Dromoscopia // FLESH AND BONE

Vera Viselli

Flesh and Bone
Moira Walley-Beckett, Usa, 2015 (1st season, 8 episodes)

Who’s waiting for a series (which came a little late, maybe) in the style of The Company di R. Altman, be careful: Claire Robbins, the young ballerina which leaves Pittsburgh to reach New York and join the American Ballet Company, is not a featureless character as the result obtained by Altman.

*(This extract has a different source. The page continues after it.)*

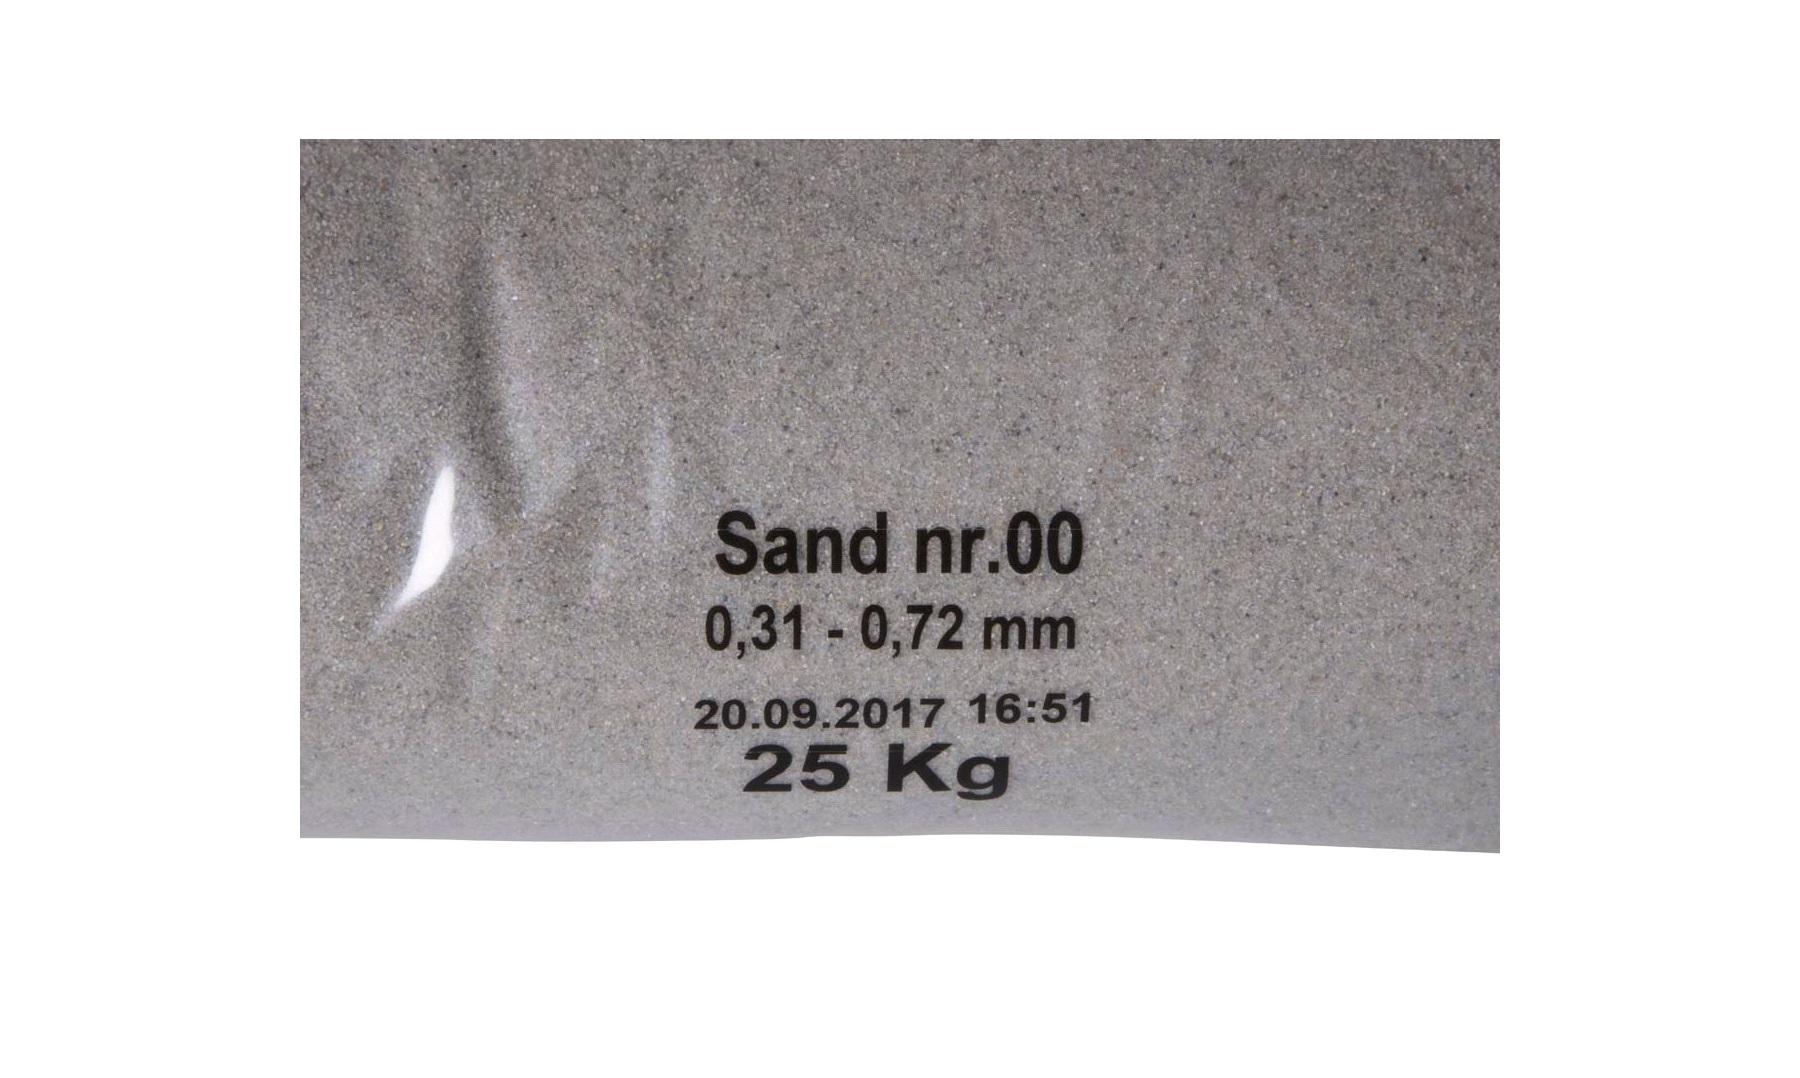 Kæmpestor Sandblæsningssand nr. 00 25kg. - Tilbehør - thansen.dk SH03

She’s docile, soft, light in the dance but she’s multilayered in the private life, with a sibling bond close to The Dreamers and a dark side which brings her in a strip-club a couple of times a week, not to dance classical. Immediately we recognize Claire is a devastated soul, sexually gashed – here the reason of her self-harming, which goes against her feet, since she’s a dancer, especially on the nails.
«I wanted she had a special connection with books and in particular with one book» says the creator of the series (awarded for Breaking Bad). That book is The Velveteen Rabbit by Margery Williams (also known as How Toys Become Real): Claire has to find a way to become real, through obsessions and psychological dramas – so she seems an anti-Black Swan as she’s also an anti-Walter White: in Breaking Bad, Walter is a boring and impersonal middle aged man who becomes an excellent criminal mind, while Claire is young, with an extraordinary talent, forced to face extraordinary obstacles. Claire transformation happens in the finale episode, through Dakini: a four acts ballet which exactly explores the voyage of a young woman from her childhood to her self-affirmation.